● **Collected material**
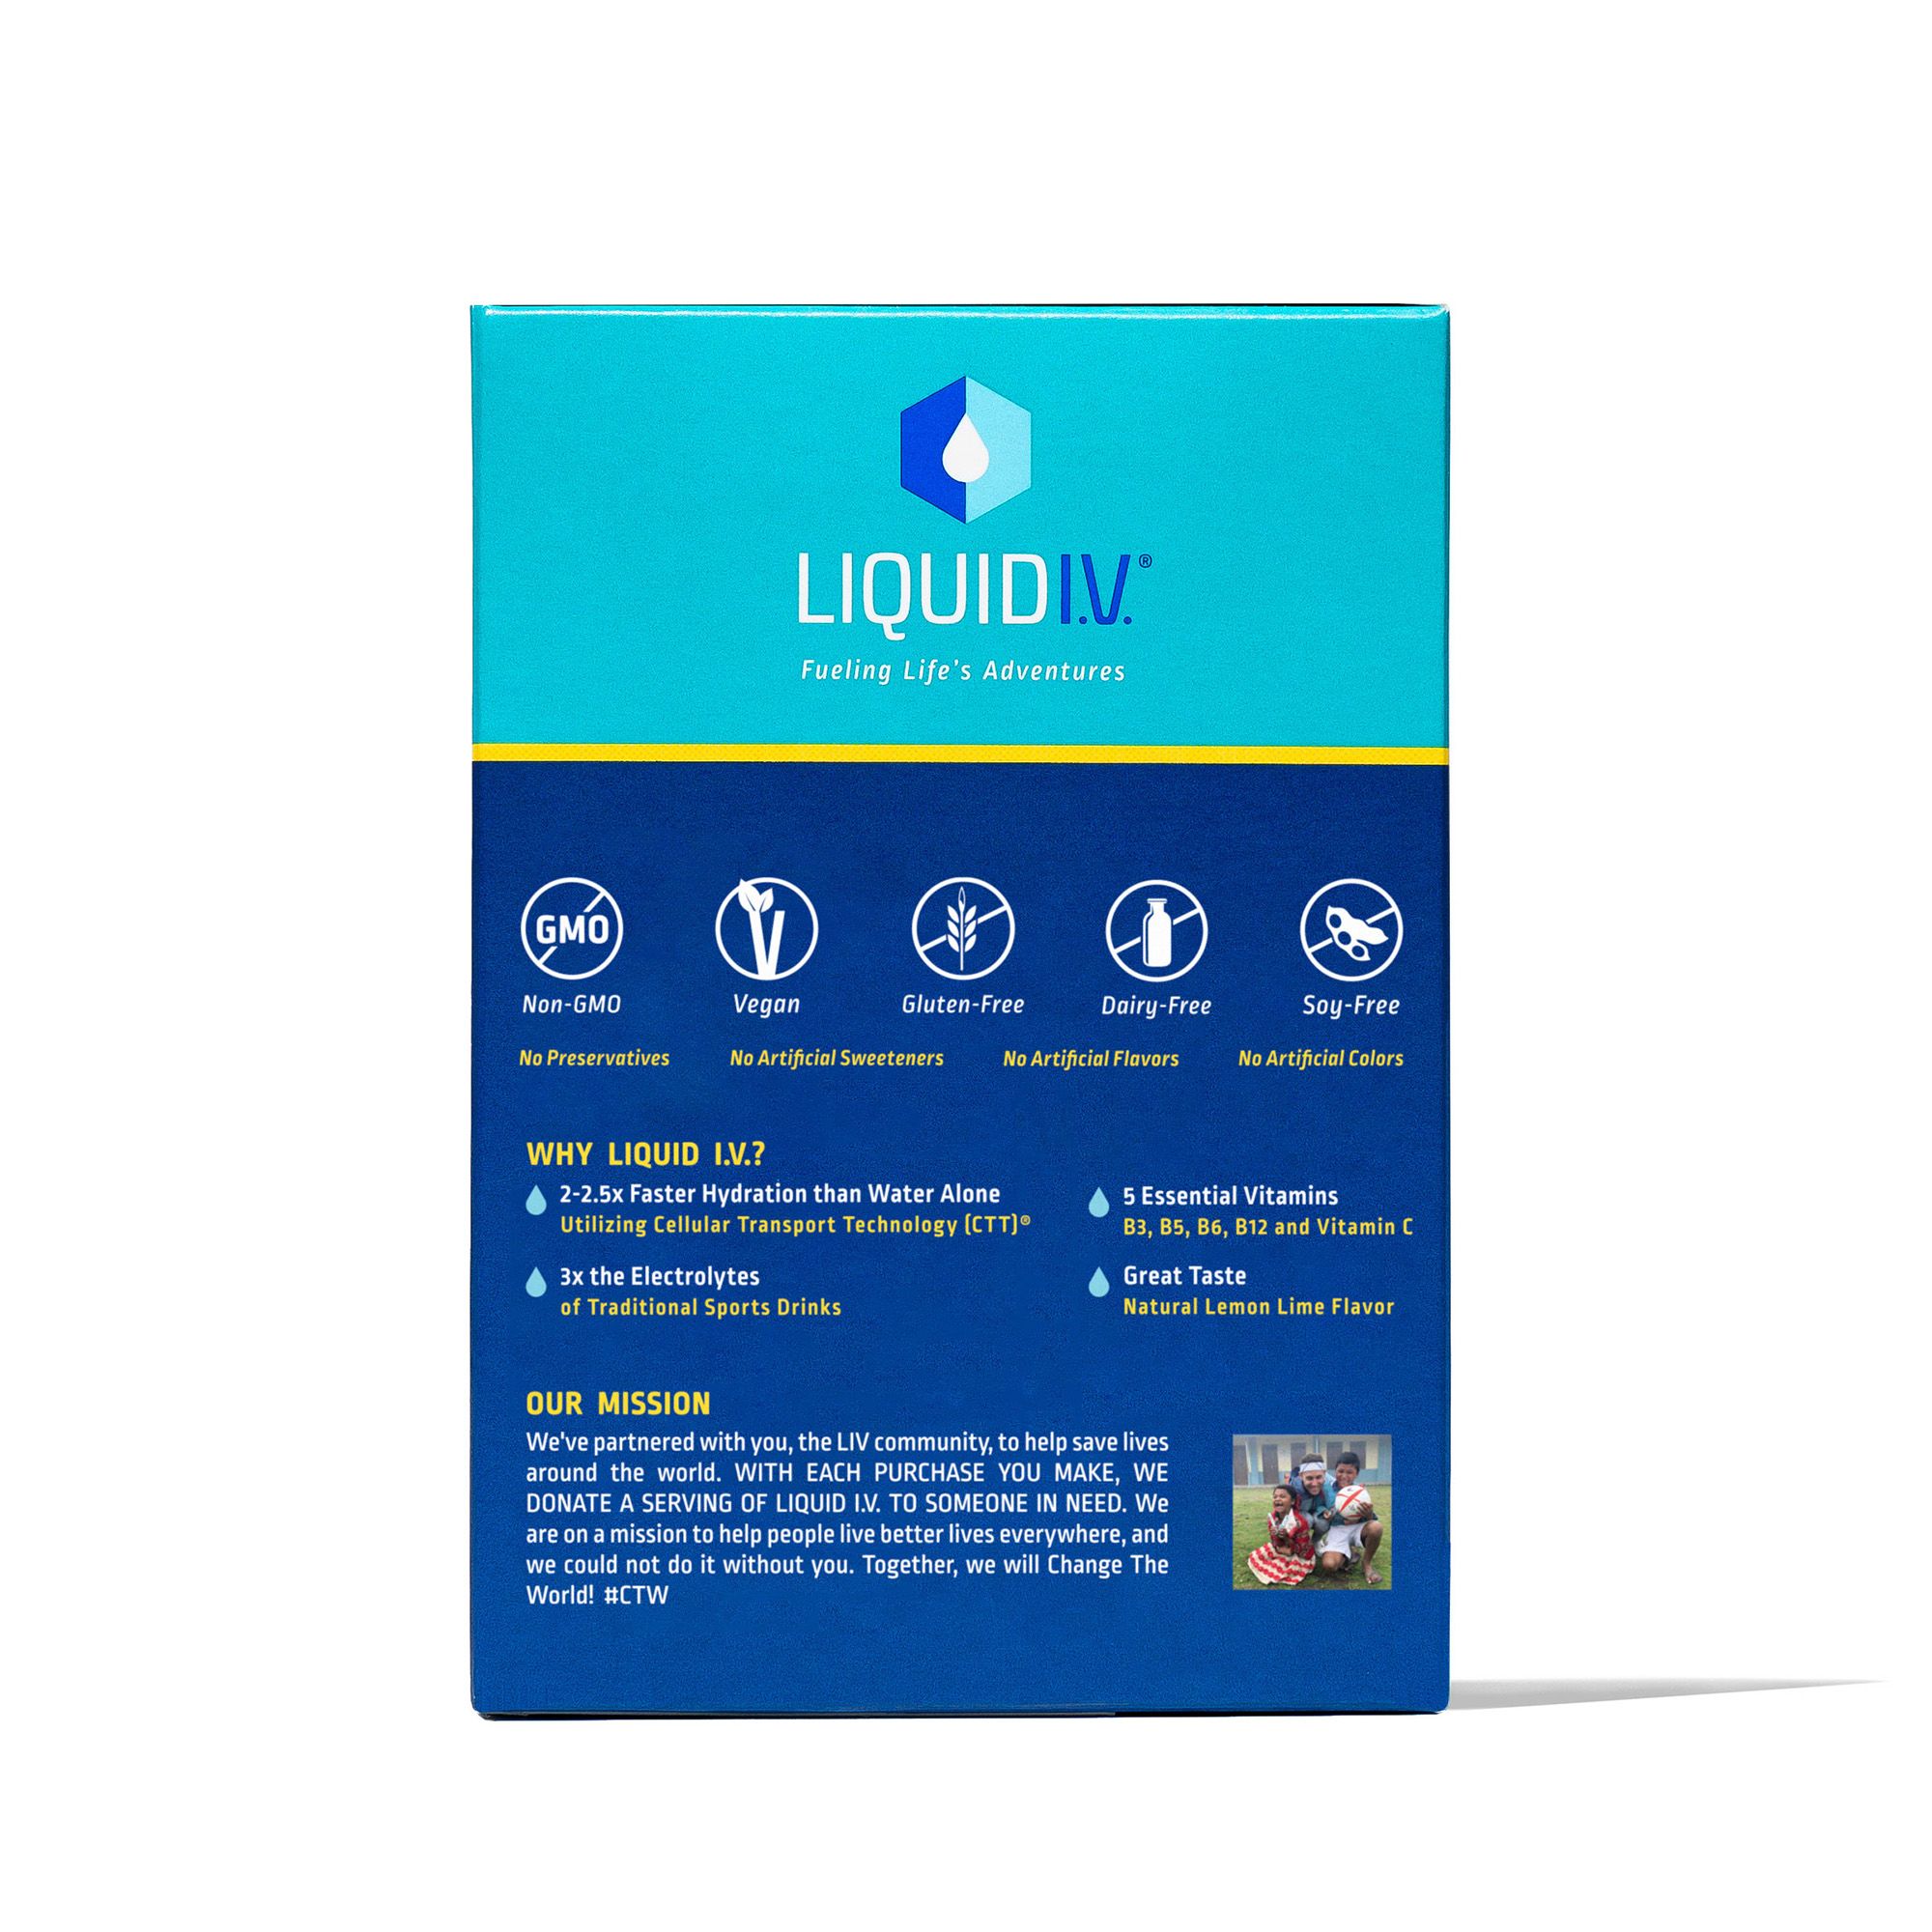 Liquid I.V. rolls out Energy Multiplier line
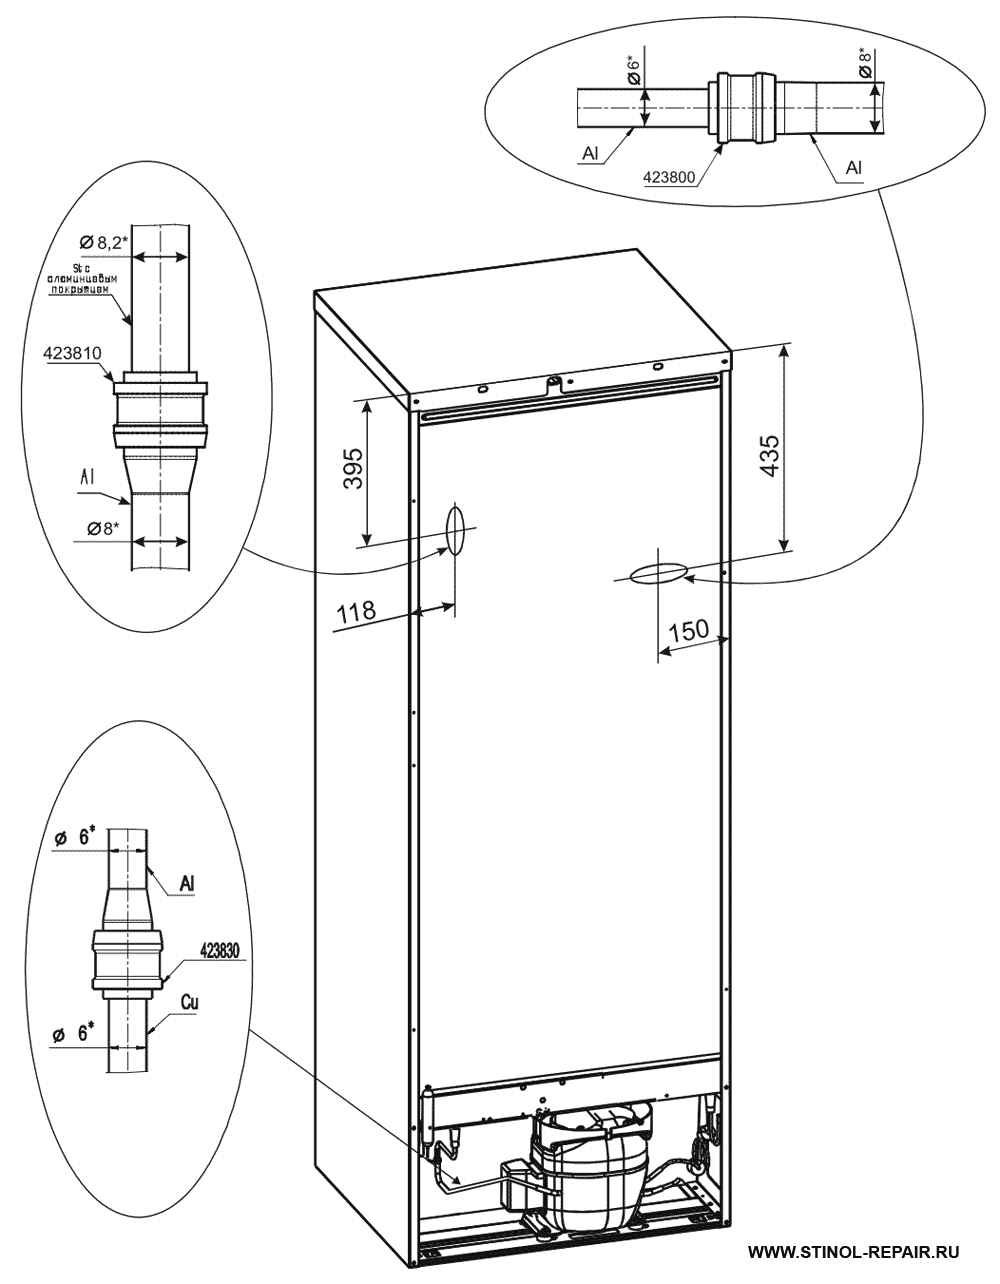 Расположение локринговых соединений холодильника Стинол-205Q - второй вариант.
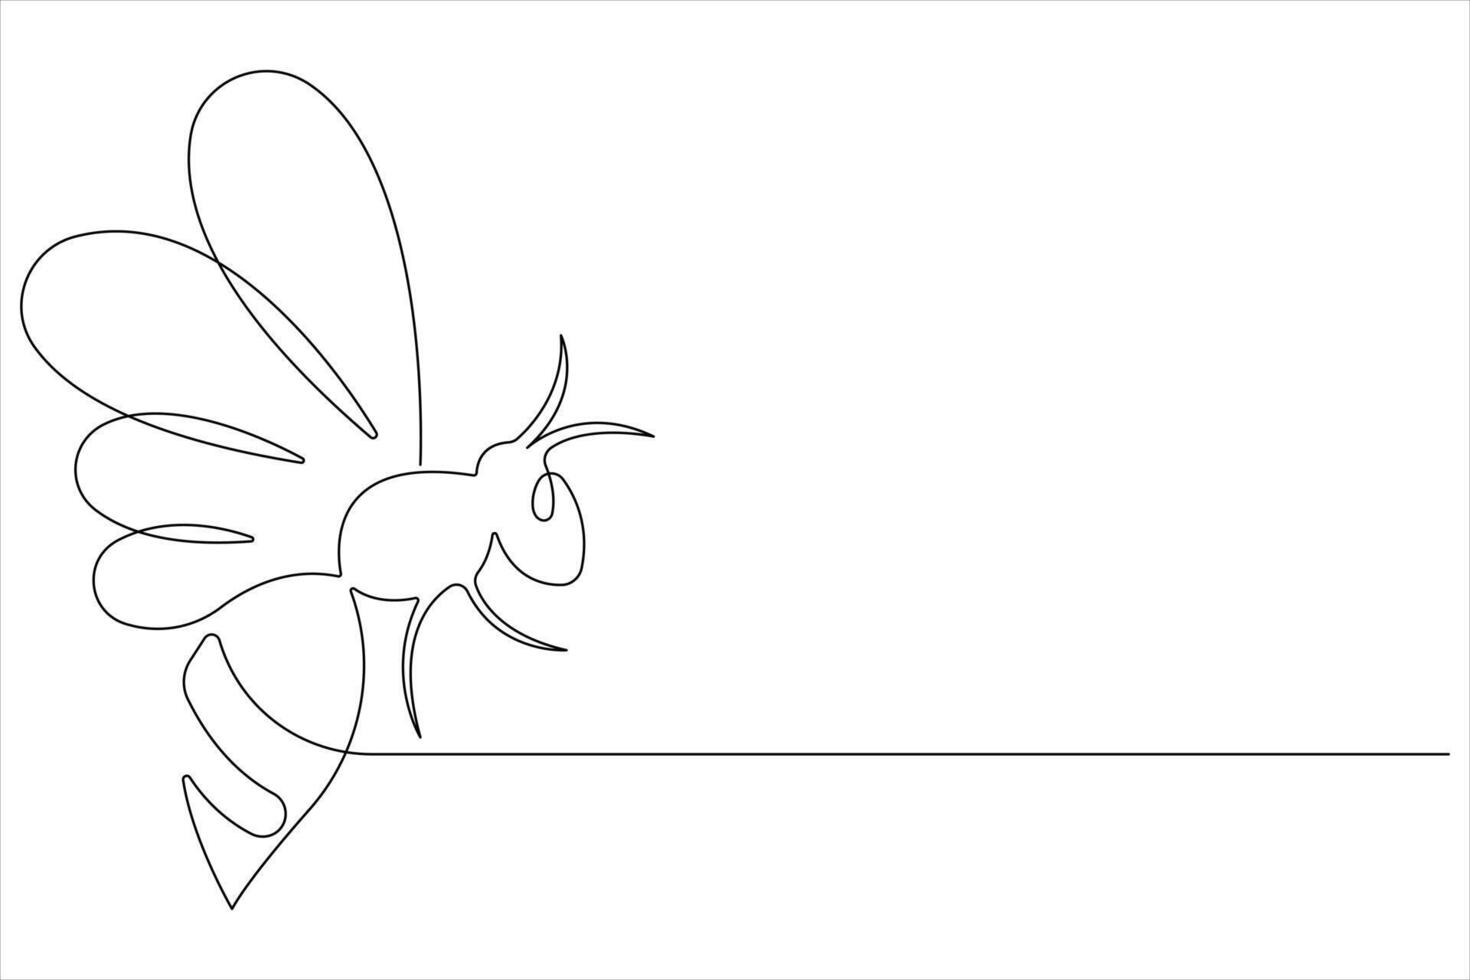 simples ilustração do querida abelha forma contínuo 1 linha arte abelha esboço vetor

● **Task item**
Copy the listing exactly. Leave the pictures out.

● **Response area**
 Liquid I.V. rolls out Energy Multiplier line
 Расположение локринговых соединений холодильника Стинол-205Q - второй вариант.
 simples ilustração do querida abelha forma contínuo 1 linha arte abelha esboço vetor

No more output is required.